Dicho de otra manera: el aluminio no convierte al coche en invisible para un radar. Tampoco existe una posición concreta en el vehículo en la que colocar una moneda permita reducir artificialmente la velocidad captada.
Además, no todos los sistemas de control funcionan exactamente de la misma manera. La DGT dispone de diferentes medios para vigilar la velocidad, por lo que hablar de un único “truco para los radares” ya parte de una premisa equivocada.
Qué pasa si colocas una moneda en el coche para intentar engañar al radar
Una moneda tampoco sirve para evitar los radares de la DGT. Aunque sea metálica, su presencia no modifica de forma útil la medición de la velocidad realizada sobre un vehículo completo.
Esto significa que colocar una moneda en alguna zona del coche esperando alterar las ondas del radar no hará que un automóvil que circula, por ejemplo, a 130 km/h aparezca ante el cinemómetro como si estuviera circulando a 100 km/h.
El sistema no calcula la velocidad basándose en un único punto metálico colocado estratégicamente por el conductor. Lo relevante es el movimiento del vehículo que atraviesa la zona controlada.
Por tanto, ni una moneda ni el papel de aluminio ofrecen un método efectivo para evitar una multa por exceso de velocidad. Su carácter metálico no es suficiente para conseguir el efecto que atribuyen a estos trucos.
Manipular la matrícula sí puede acabar en una multa importante
Hay que diferenciar estos mitos de otra práctica: alterar deliberadamente la matrícula para dificultar su identificación. En este caso ya no se trata de interferir en la medición de la velocidad, sino de intentar impedir que el vehículo pueda ser reconocido correctamente.
El Reglamento General de Vehículos establece que las placas de matrícula deben ser perfectamente visibles y legibles. Por ello, colocar objetos, materiales o elementos destinados a ocultar números o letras puede constituir una infracción.
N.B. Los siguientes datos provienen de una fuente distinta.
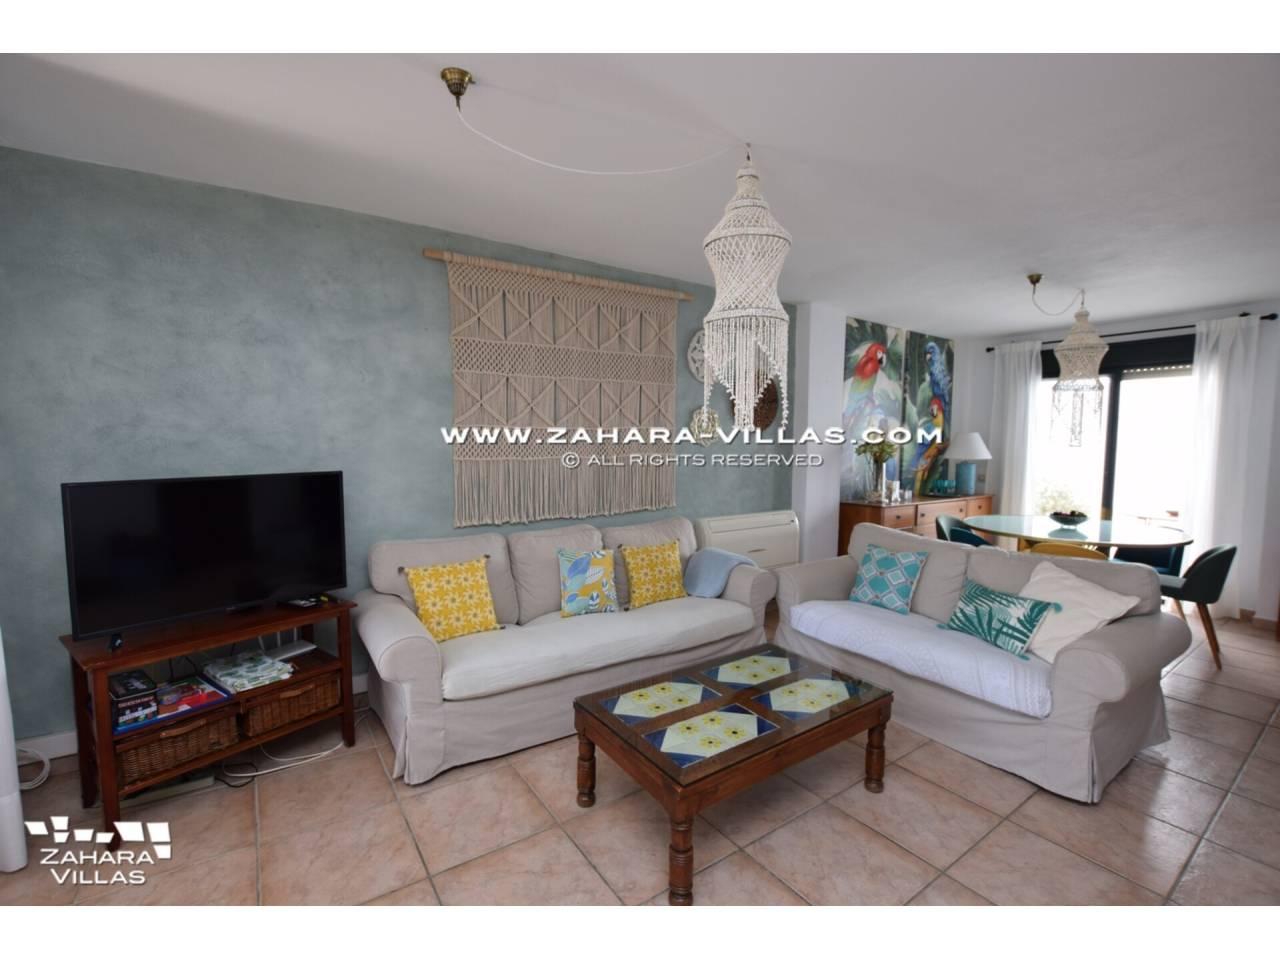 Imagen 4 de Casa Adosada con vistas al mar en venta en Urb. Jardines de Zahara

También están prohibidos los mecanismos destinados específicamente a interferir en los sistemas de vigilancia del tráfico. La normativa española contempla sanciones especialmente elevadas para la instalación de inhibidores de radares o cinemómetros.
Los conductores deben distinguir estos dispositivos de los sistemas que simplemente informan sobre la ubicación de controles a partir de información disponible. Un inhibidor actúa sobre el funcionamiento del sistema de vigilancia, y precisamente por ello está prohibido.
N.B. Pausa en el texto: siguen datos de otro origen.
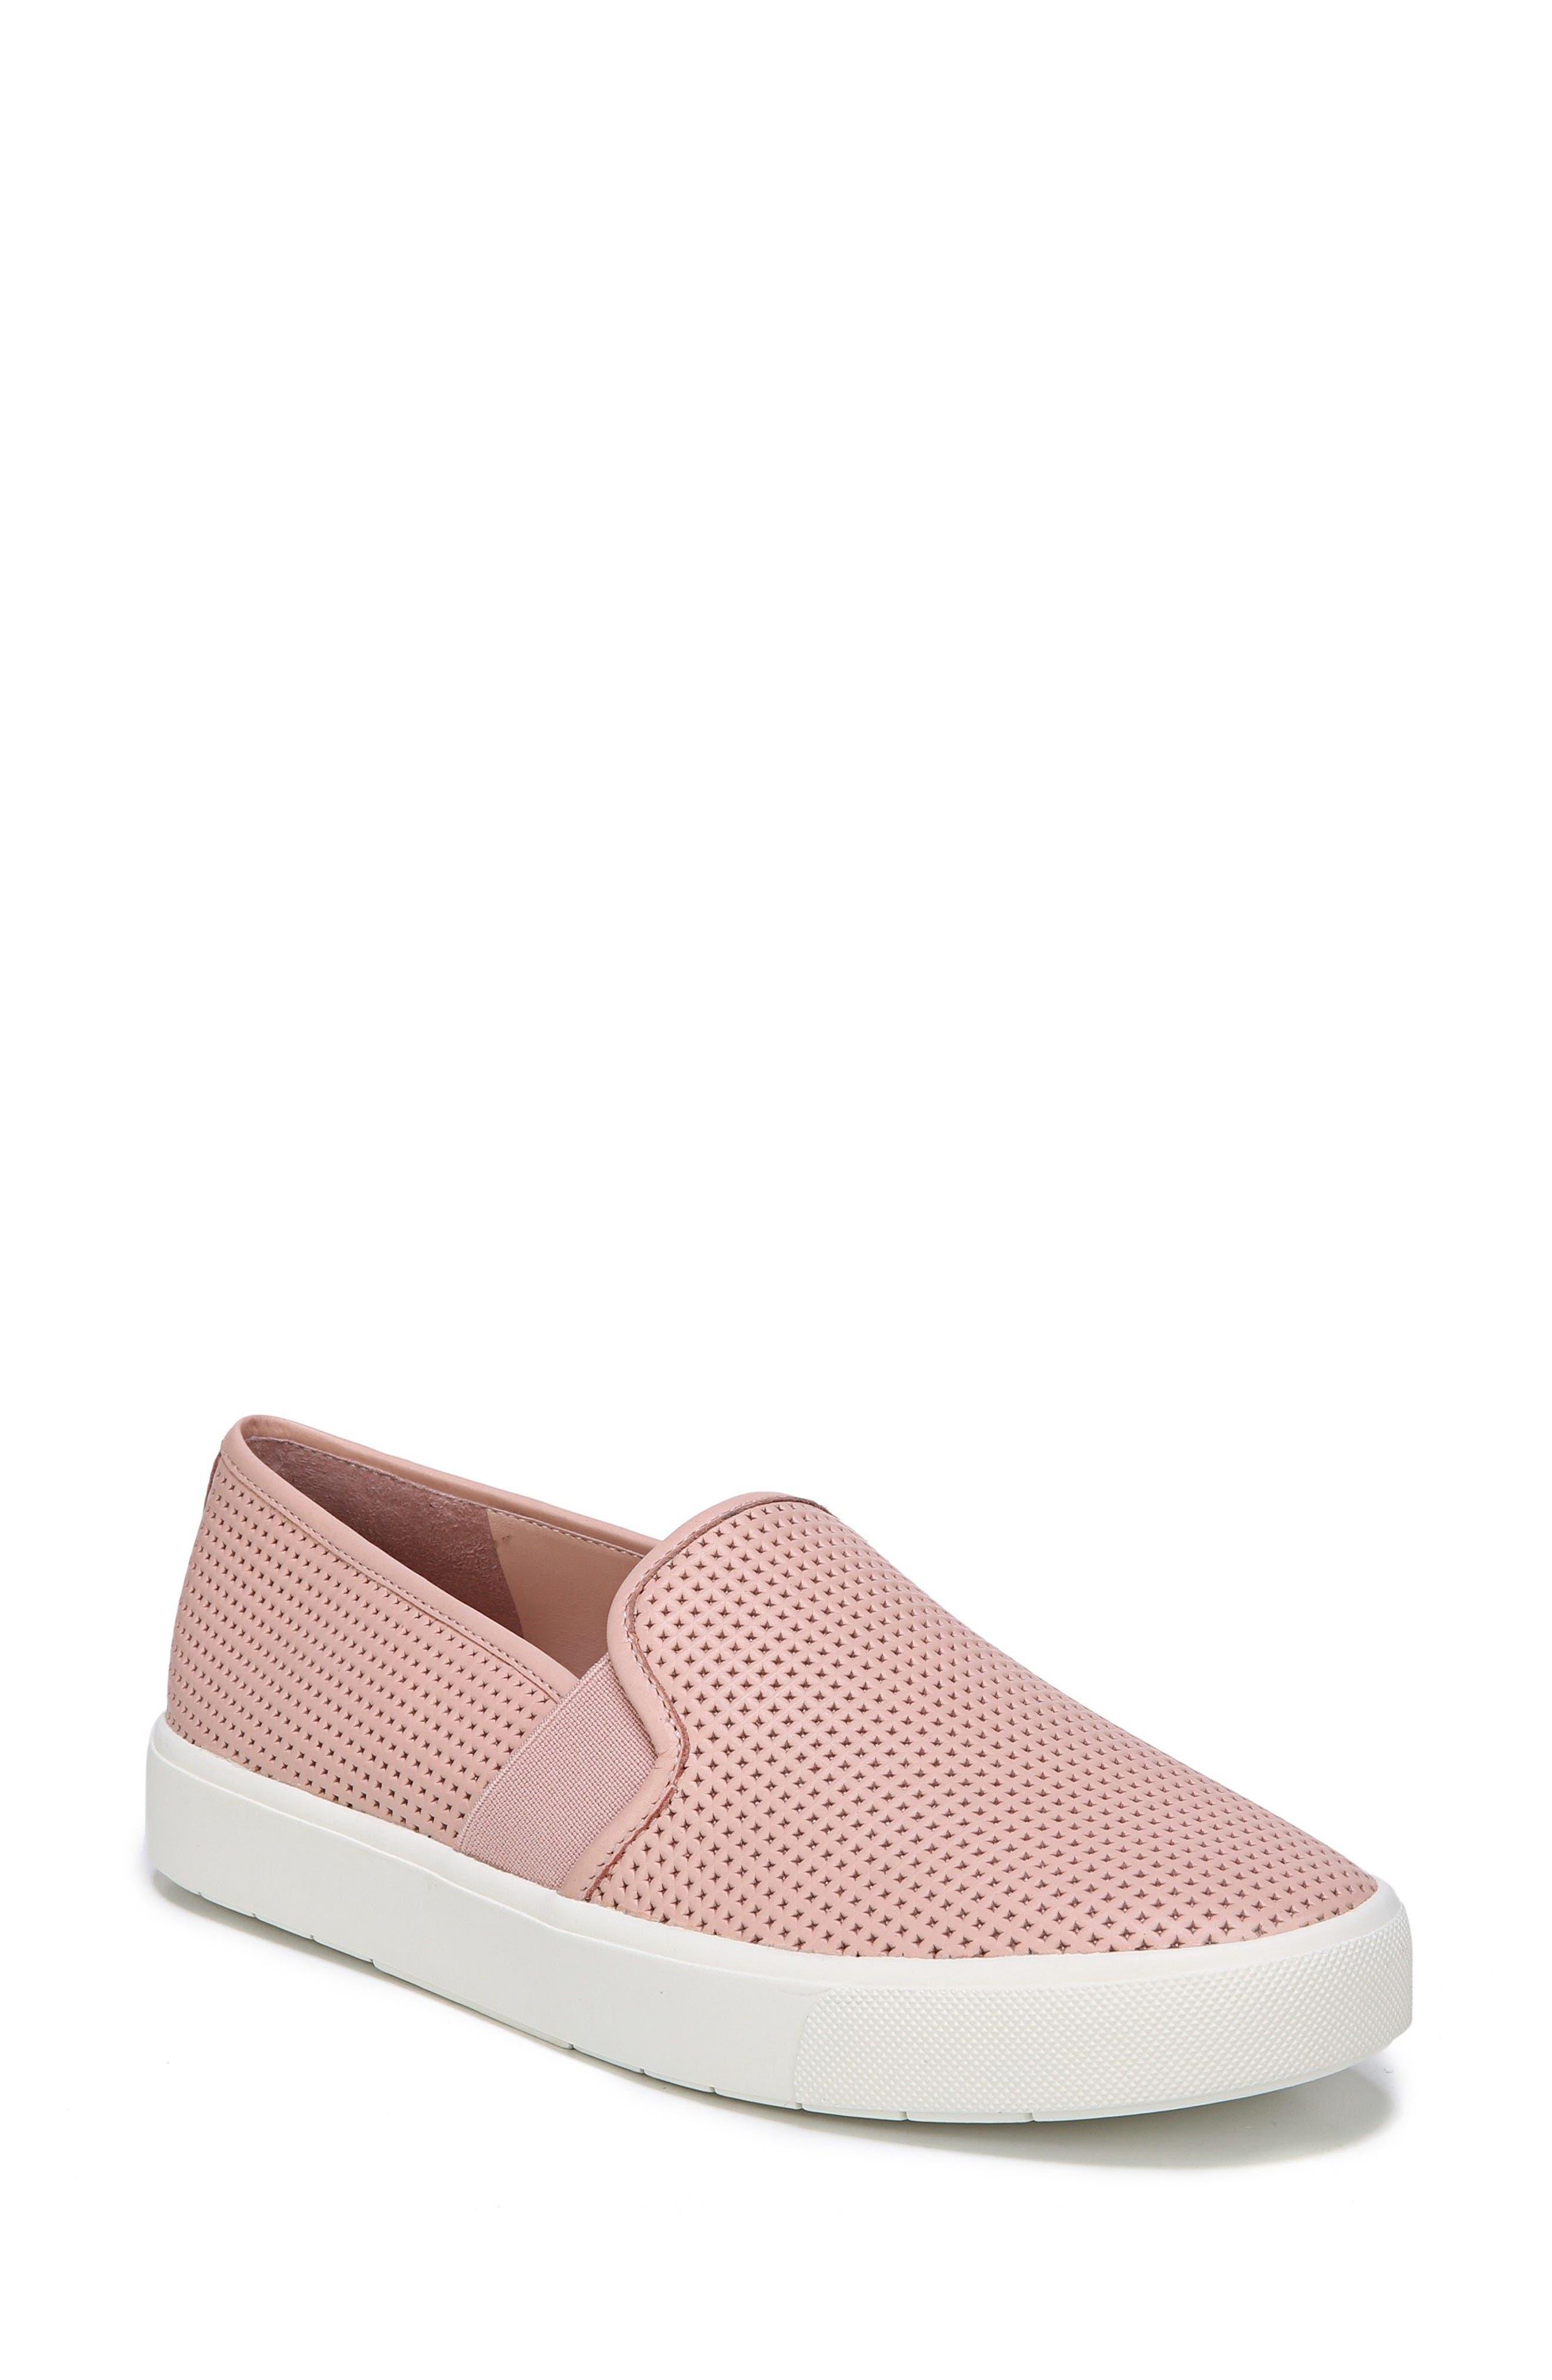 Main Image - Vince Blair 5 Slip-On Sneaker (Women)

El verdadero motivo por el que el papel de aluminio no puede hacer “invisible” un coche
La confusión nace de una idea que tiene una pequeña base física pero conduce a una conclusión incorrecta. Los metales pueden interactuar con las ondas electromagnéticas. El problema está en asumir que cualquier pieza metálica puede utilizarse para engañar un radar.
El papel de aluminio puede reflejar determinadas ondas electromagnéticas, pero un automóvil ya contiene una gran cantidad de componentes y superficies metálicas. Añadir una pequeña lámina no elimina la señal que el sistema recibe del vehículo.
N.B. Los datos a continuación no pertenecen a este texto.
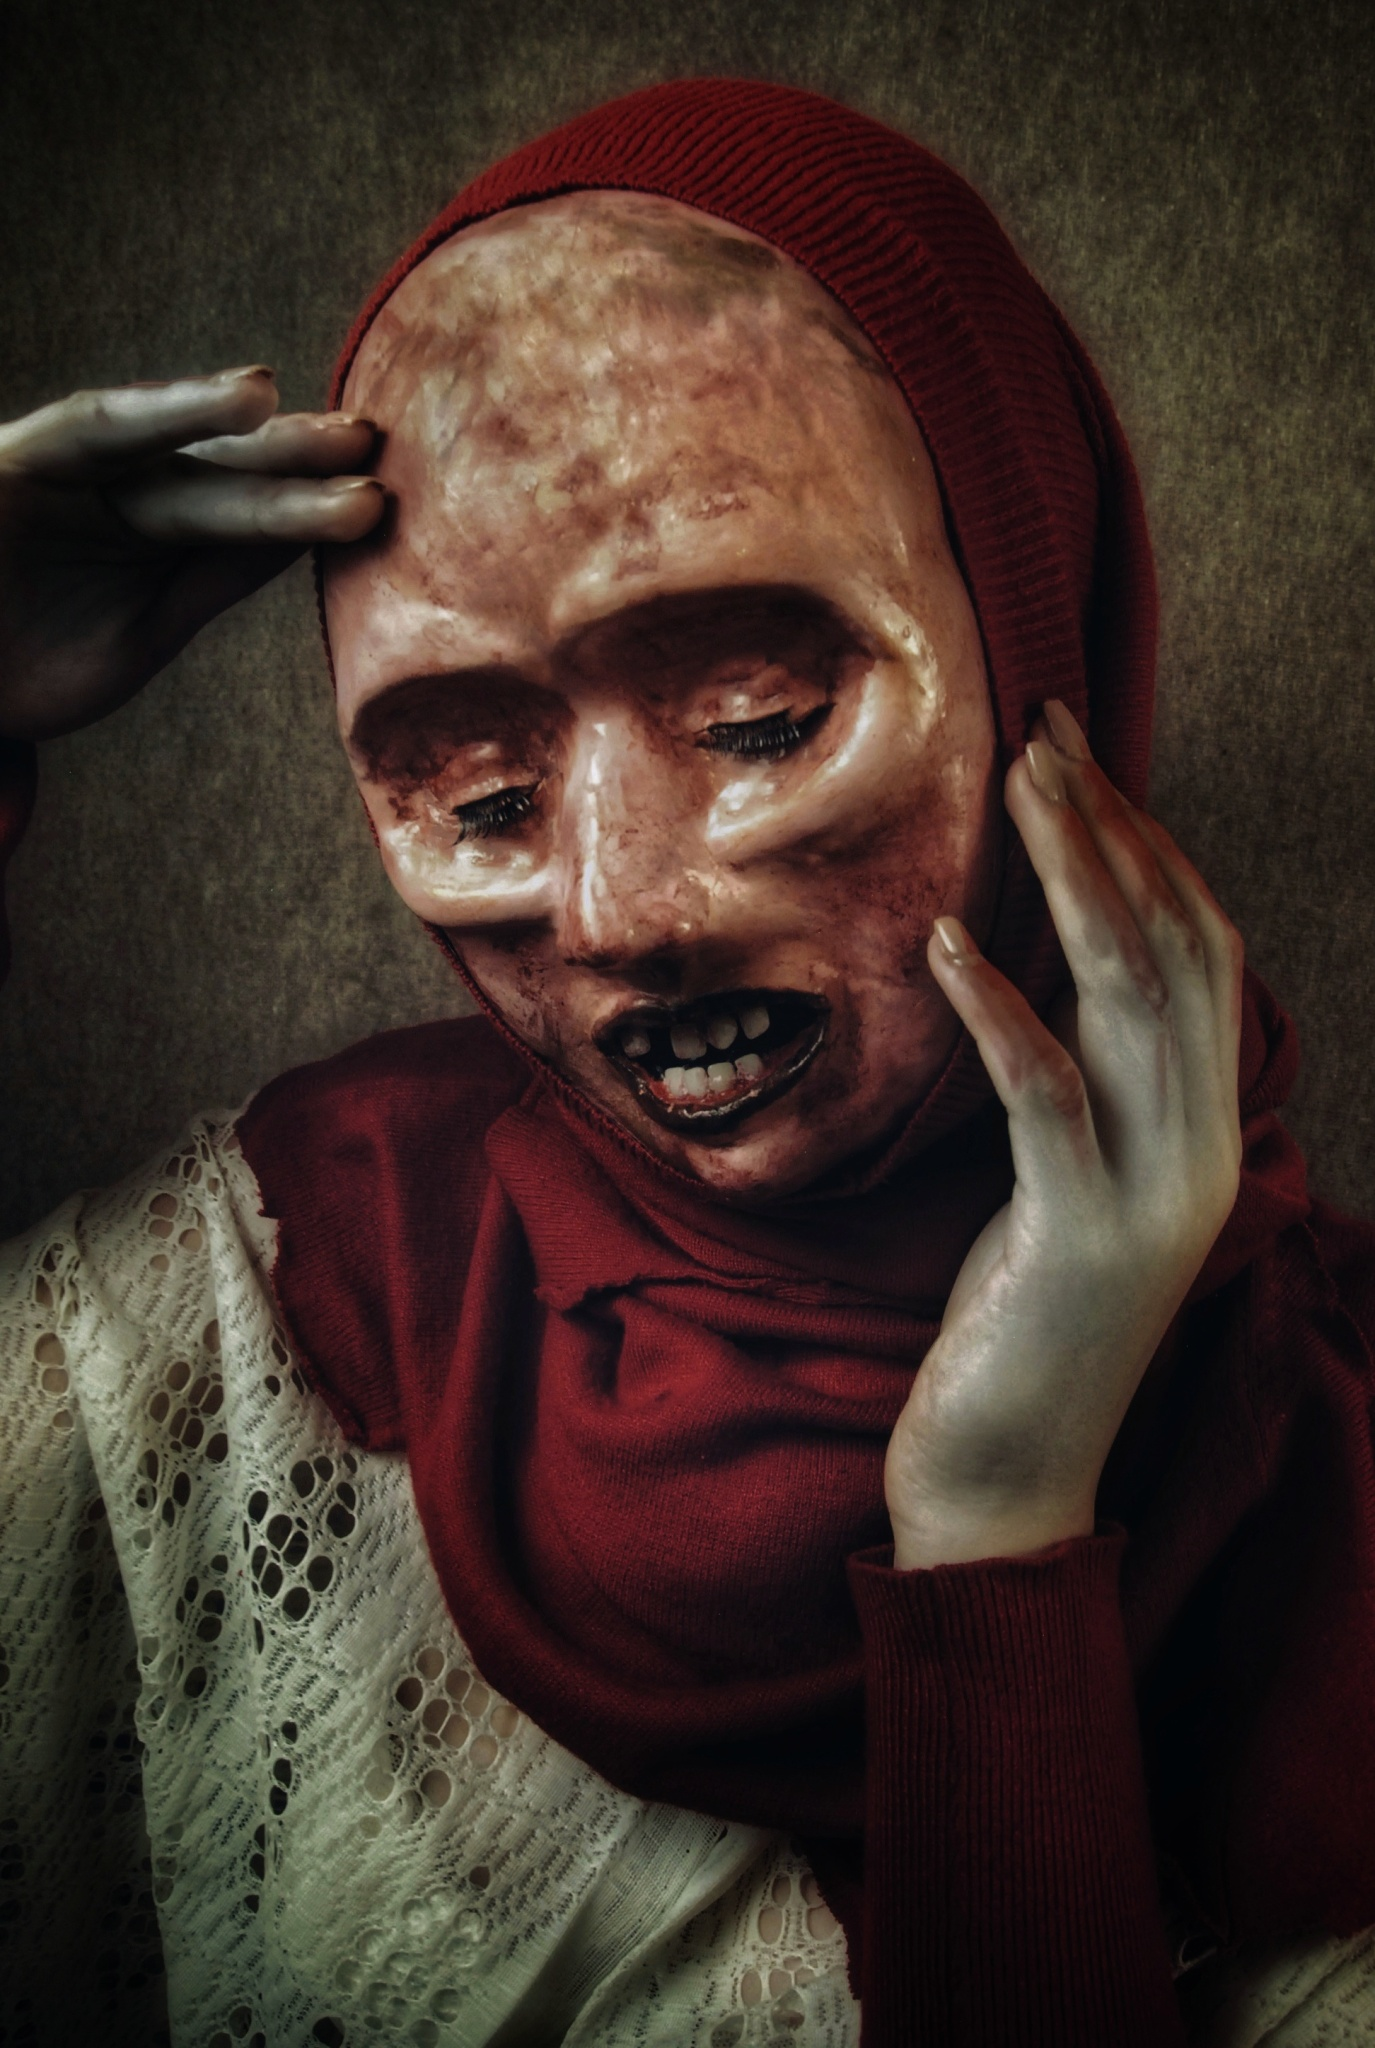 Hororový fotograf Peter Murín: Maska je inkognito a tajemno. Tvořím výraz přesně takový, jaký chci

Tampoco existe un efecto por el cual el radar vaya a “confundirse” automáticamente y asignar al coche una velocidad inferior. Para los radares de la DGT, lo importante continúa siendo el movimiento del vehículo que están midiendo.
Por eso, recurrir a monedas, aluminio u otros objetos domésticos no constituye una alternativa para evitar los controles de velocidad. La única forma segura y legal de no recibir una sanción por exceso de velocidad es respetar los límites establecidos en cada vía.